Eppure i governanti olandesi, non quelli italiani, hanno deciso di invertire la rotta degli ultimi anni e di tornare ad aumentare progressivamente gli investimenti nel settore della difesa, perché il mondo è un luogo insicuro e bisogna essere previdenti.
Al contrario nel Bel Paese le Forze Armate vivono una lunga stagione di crisi e di progressivo depauperamento, mentre una riforma attesa lungamente ed ormai insufficiente langue, in balia di veti politici e lungaggini burocratiche.
Ogni decisione importante viene rinviata, nell’attesa salvifica dell’apparizione del famoso Libro Bianco, che dovrebbe fare un po’ di chiarezza sul livello di ambizione strategica cui aspiriamo e, di conseguenza, su cosa il nostro strumento militare possa fare e di cosa non si debba più occupare.
Un documento programmatico che in altri Paesi esprime con regolarità le direttive del governo, in Italia assume caratteristiche di eccezionalità, al punto che nel sito della Difesa è addirittura possibile per il semplice cittadino fornire contributi di idee ed avanzare proposte. Una iniziativa interessante, anche se non ci risulta che il dibattito sulla riforma della Difesa abbia ancora sostituito, nelle chiacchiere da bar, le tradizionali dispute calcistiche.
Nel frattempo a Roma un Parlamento con la lungimiranza strategica di un consiglio di condominio ritiene opportuno privare l’Aeronautica della propria componente d’attacco (per definizione brutta e cattiva), costringendo il ministro Pinotti a mille piroette e smentite per sottrarsi, almeno in parte, a direttive così radicali. Esiste infatti un limite numerico al di sotto del quale l’acquisto di un moderno aereo da combattimento diviene un inutile orpello, un nonsenso operativo ed uno spreco totale di risorse. Né sono state suggerite soluzioni alternative di alcun tipo: tanto varrebbe rimettere in condizioni di volo il CR-42 di Vigna di Valle….

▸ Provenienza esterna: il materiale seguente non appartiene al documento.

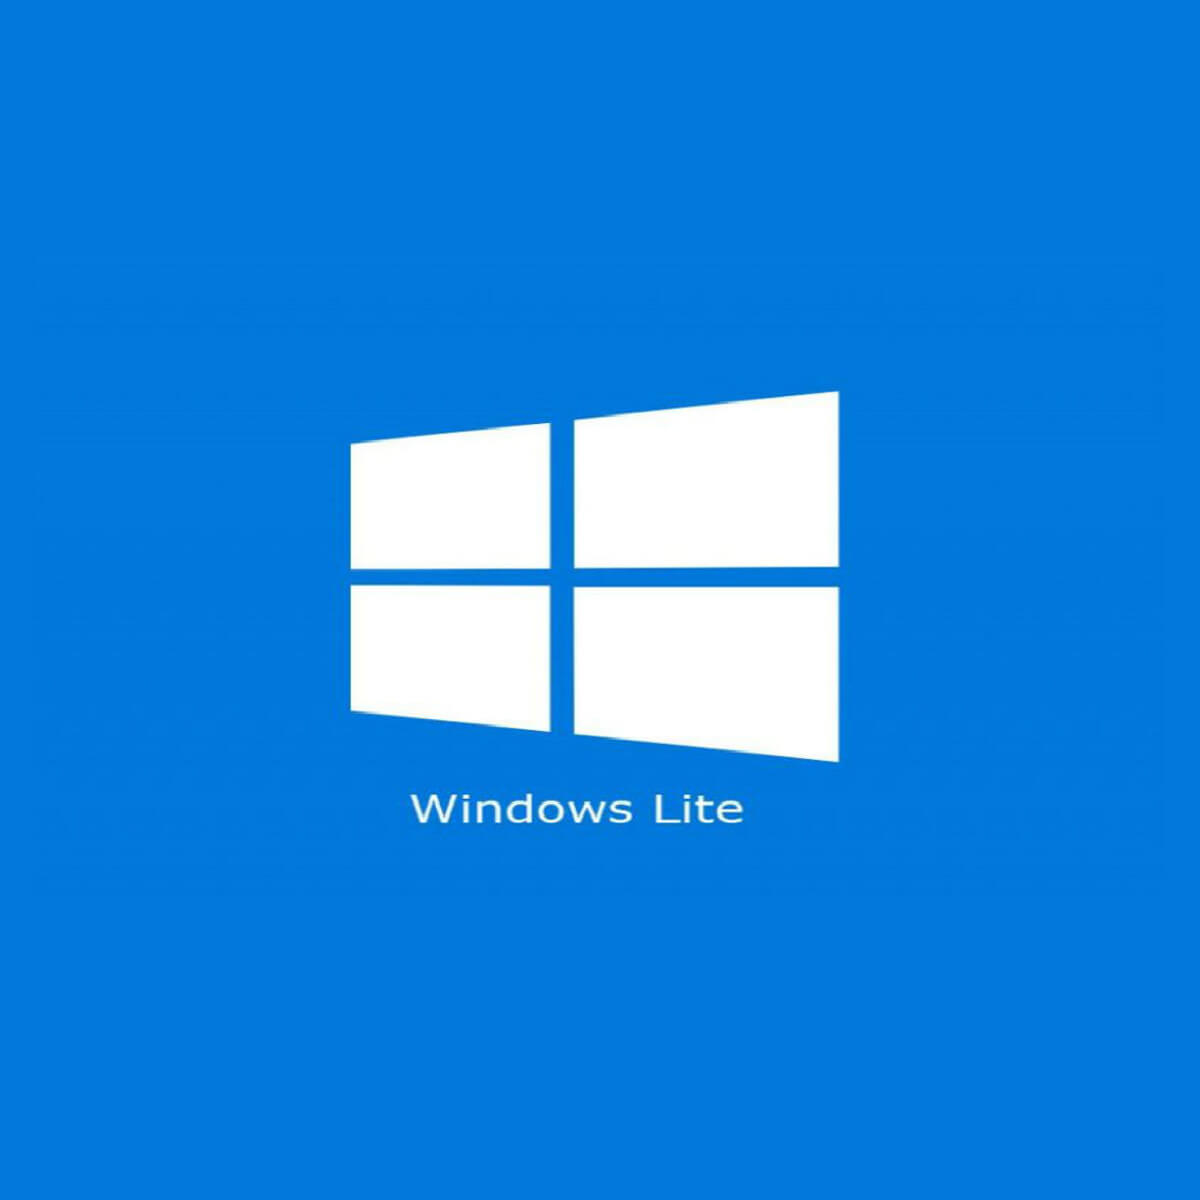 Windows Lite OS support Win32 apps

Le cose non vanno certo meglio per l’Esercito, che vive la sua stagione più drammatica, con il progressivo azzeramento delle voci di bilancio destinate all’addestramento ed all’efficienza di mezzi e reparti, con conseguente riduzione a livelli risibili delle effettive capacità operative di uno strumento che, sulla carta, appare ancora numericamente robusto.
L’escamotage di impiegare a tali fini parte dei fondi destinati alle missioni esterne, utilizzato negli ultimi anni per moderare gli effetti dirompenti dei tagli di bilancio e mantenere un minimo di operatività almeno nelle 4 o 5 brigate destinate ai teatri più impegnativi, non solo non può essere più applicato ma, ironia della sorte, in base a recenti provvedimenti legislativi saranno proprio le spese di esercizio a venire ulteriormente defalcate per contribuire a garantire una buona fetta del finanziamento del decreto di proroga delle missioni internazionali, oltre che del (sacrosanto) sblocco degli stipendi del personale.
Una situazione senza precedenti dalla quale sembrerebbe curiosamente salvarsi, almeno in parte, la sola Marina, i cui investimenti, ottenuti sotto forma di mutui di lunga durata per un importo non così lontano da quello, famigerato, destinato agli F35, sembrano navigare in acque relativamente calme e senza sollevare opposizioni di principio di natura politica o sollevazioni indignate dei media.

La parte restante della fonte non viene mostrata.